Where the line containing "Google Play Korea 50,000 Won" appears, start repeating, and continue exactly through the last line below, adding nothing. Include no pictures.

▶ _Data_:

********

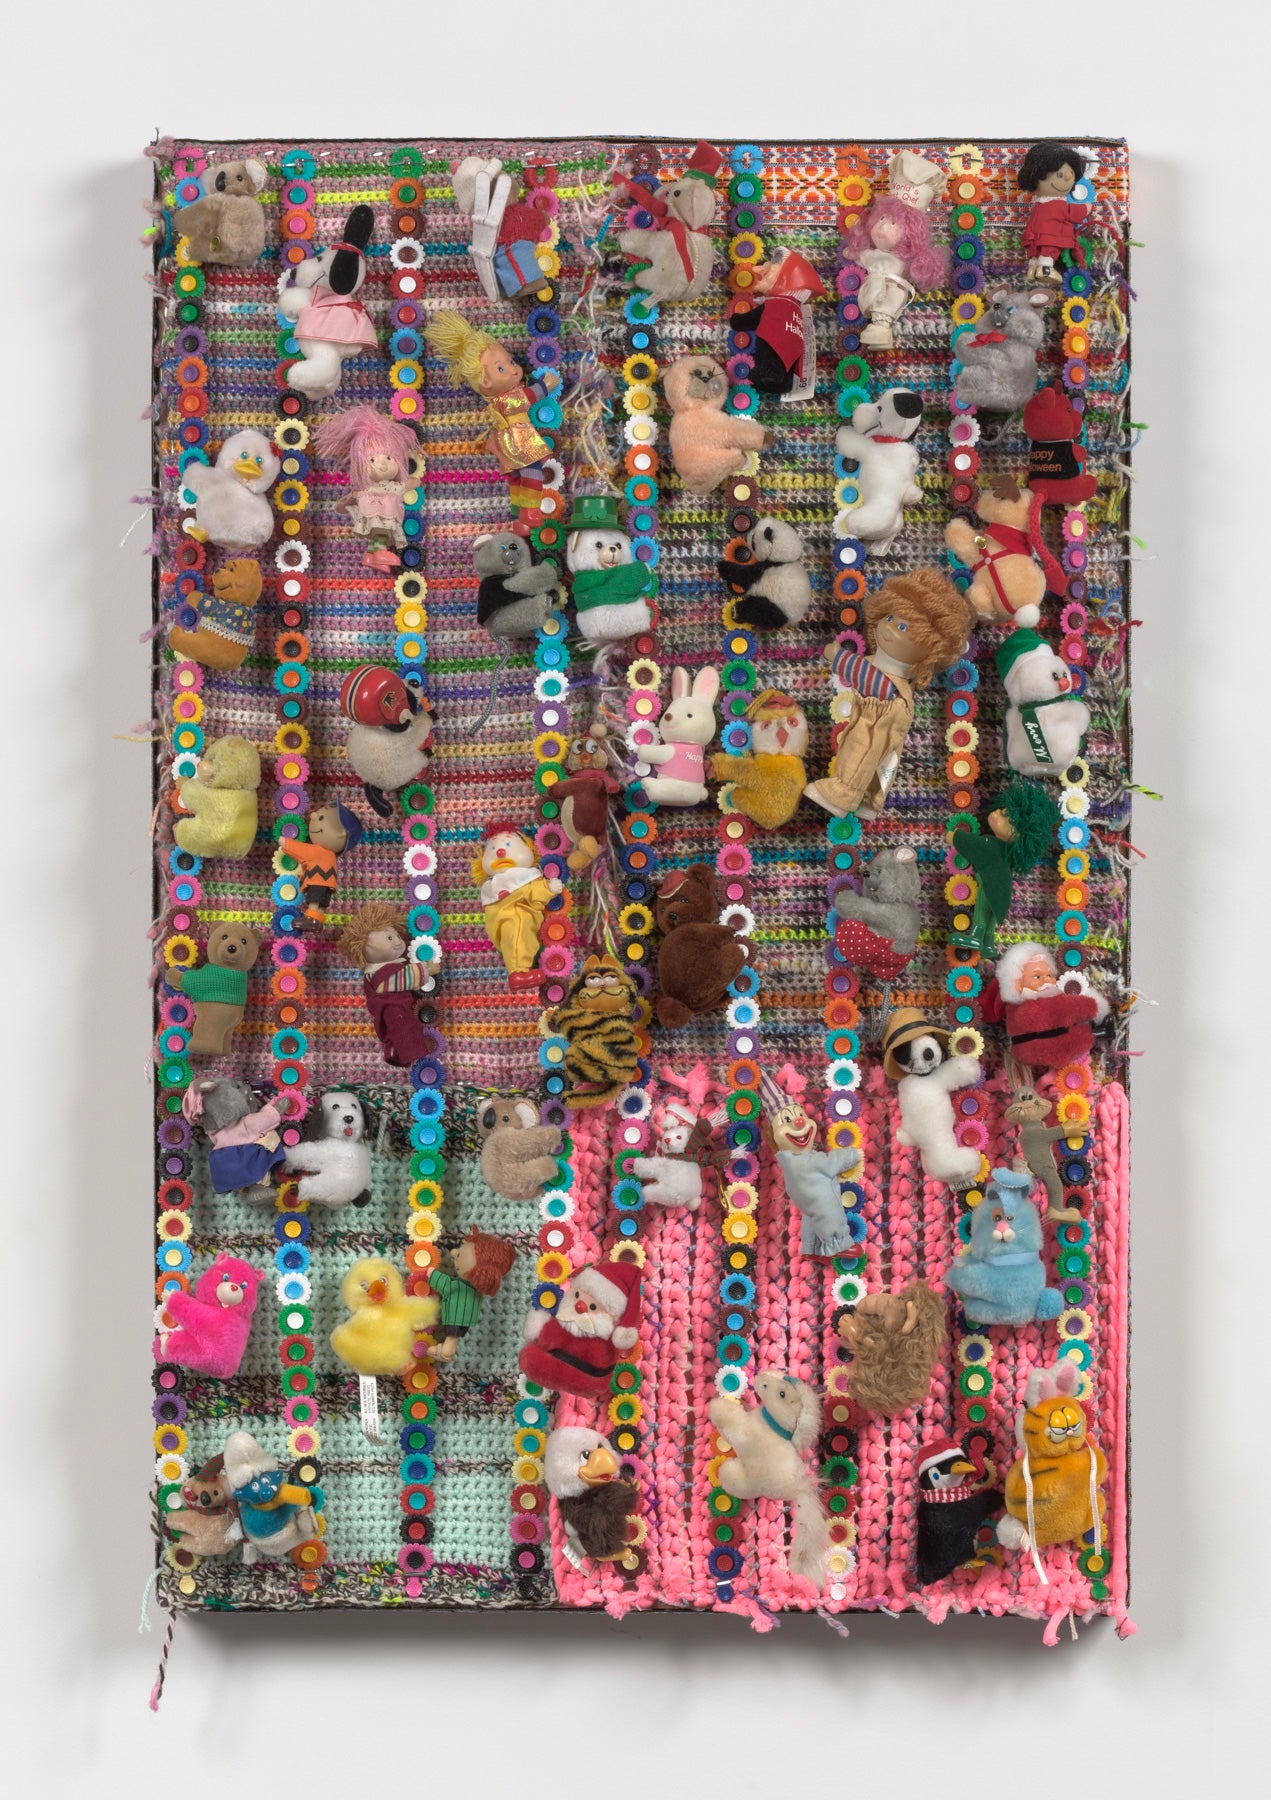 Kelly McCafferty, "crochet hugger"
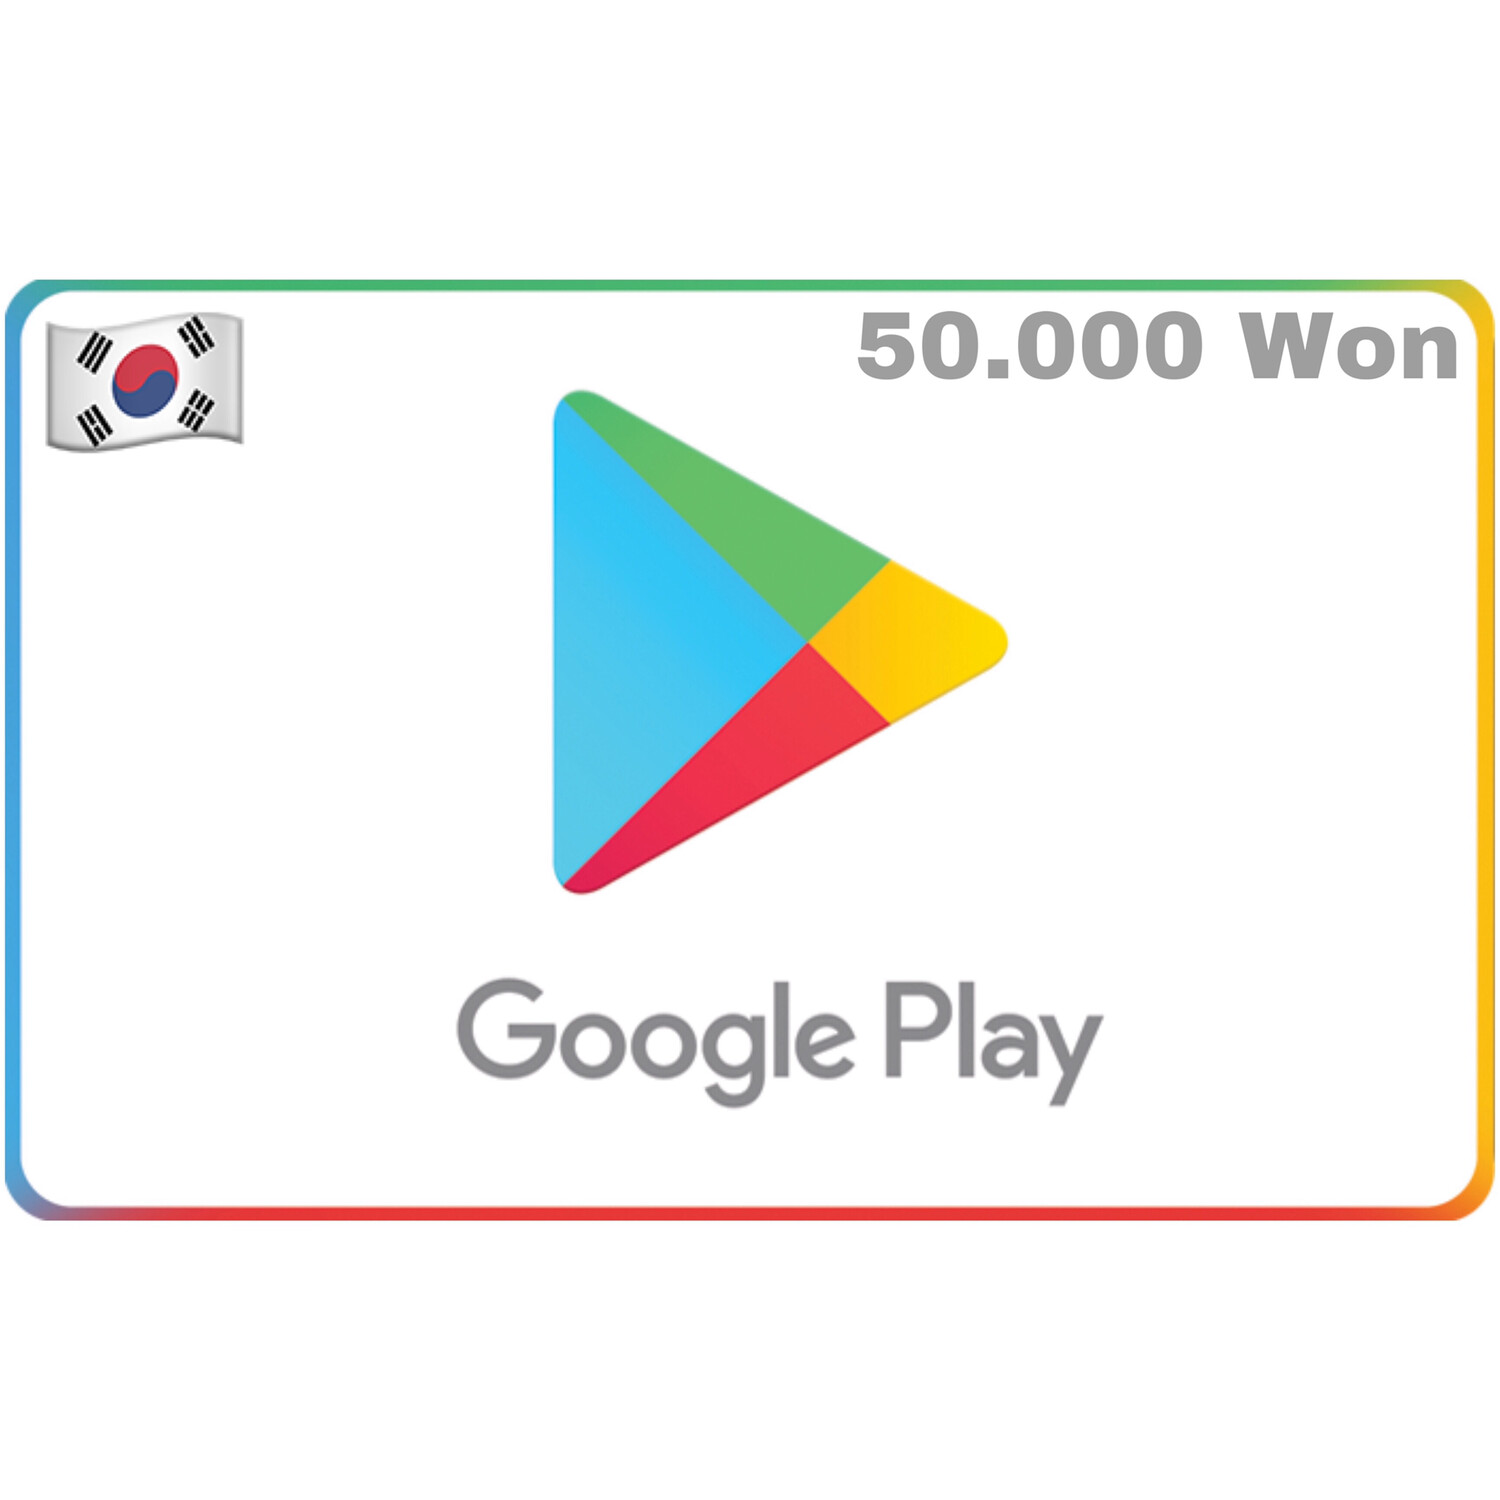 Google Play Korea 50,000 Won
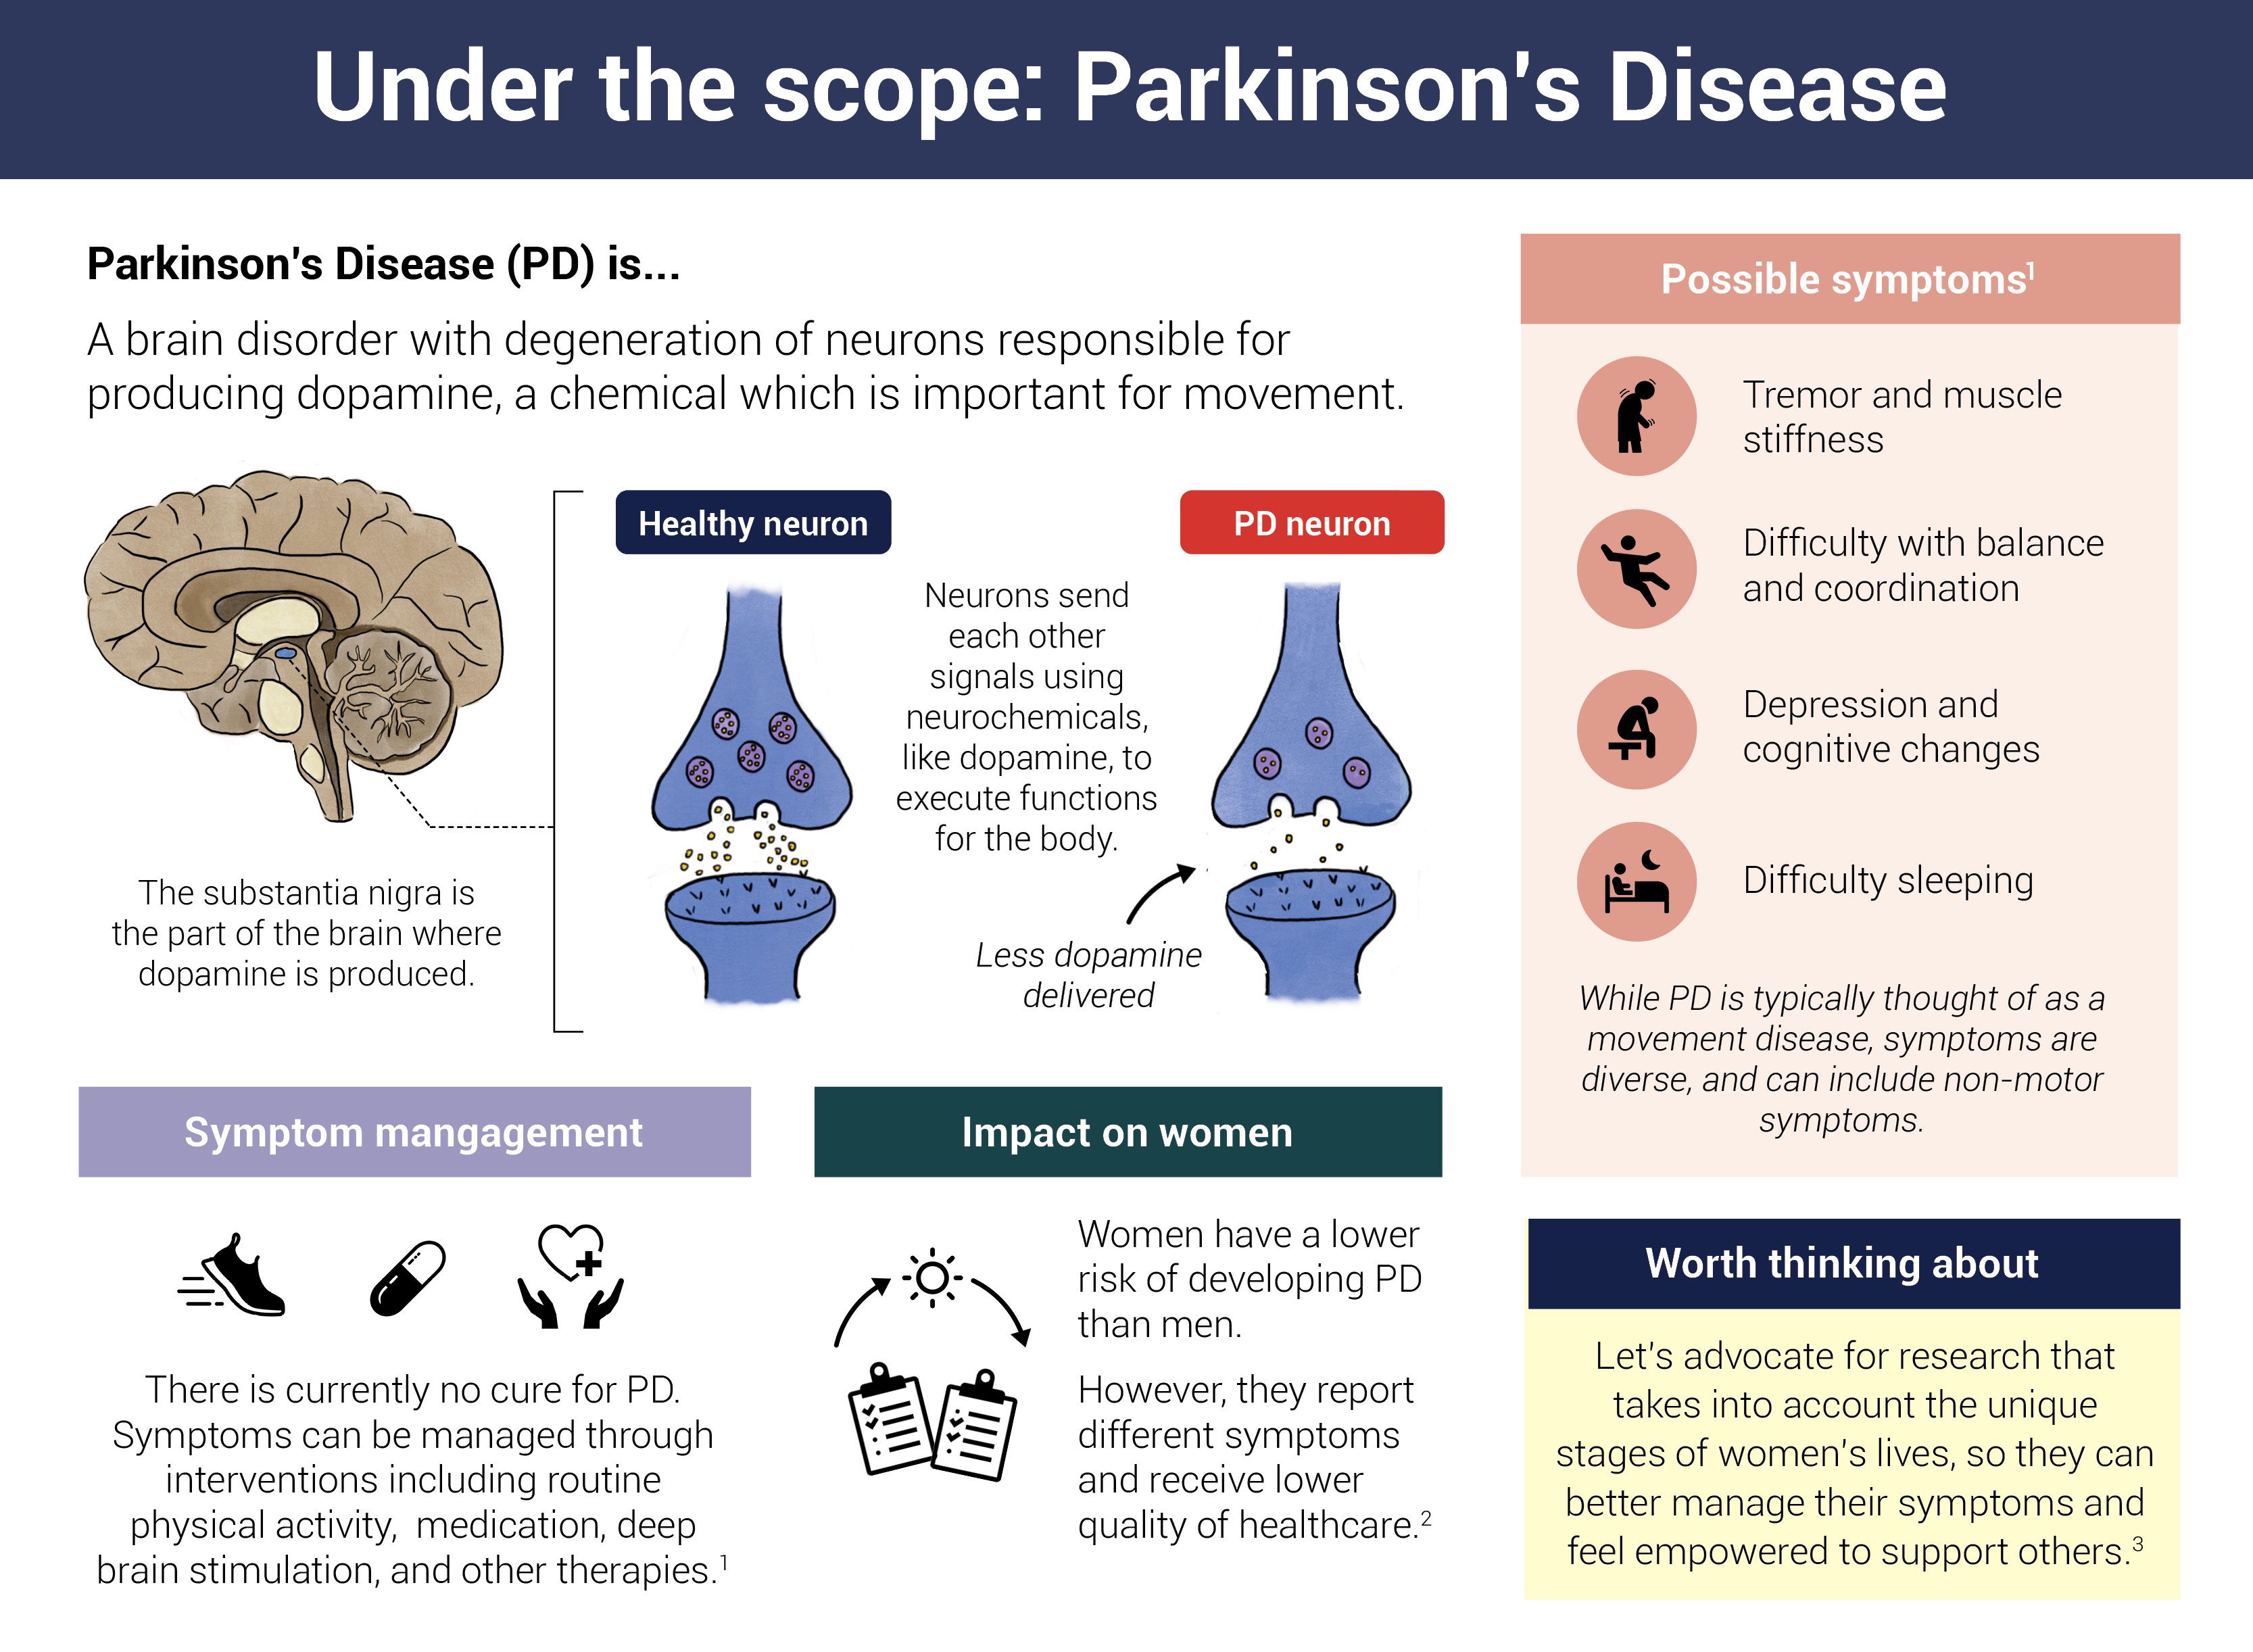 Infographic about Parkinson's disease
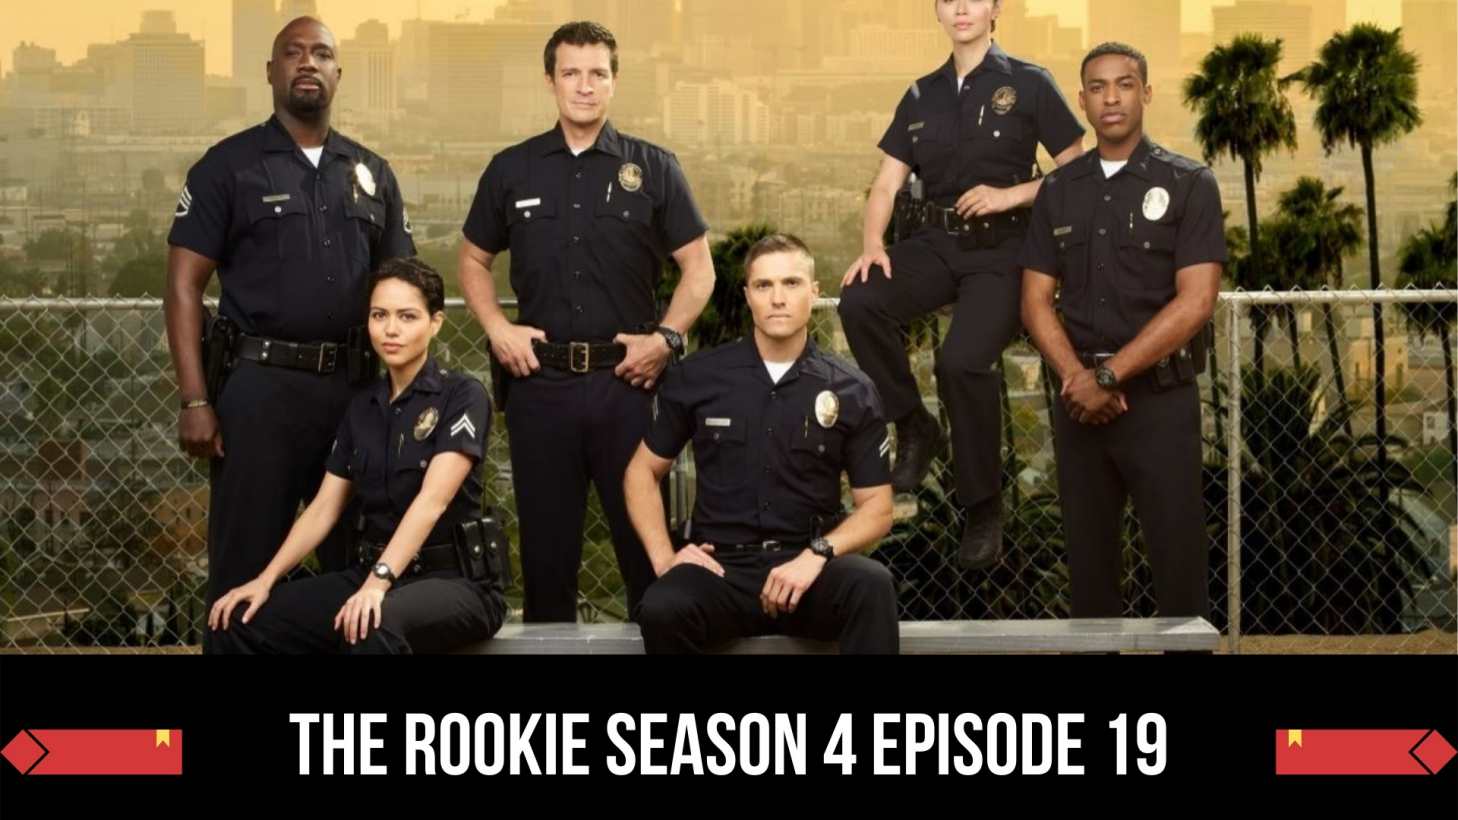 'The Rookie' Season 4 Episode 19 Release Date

********

▶ _Answer to the exercise_:
 Google Play Korea 50,000 Won
 Infographic about Parkinson's disease
 'The Rookie' Season 4 Episode 19 Release Date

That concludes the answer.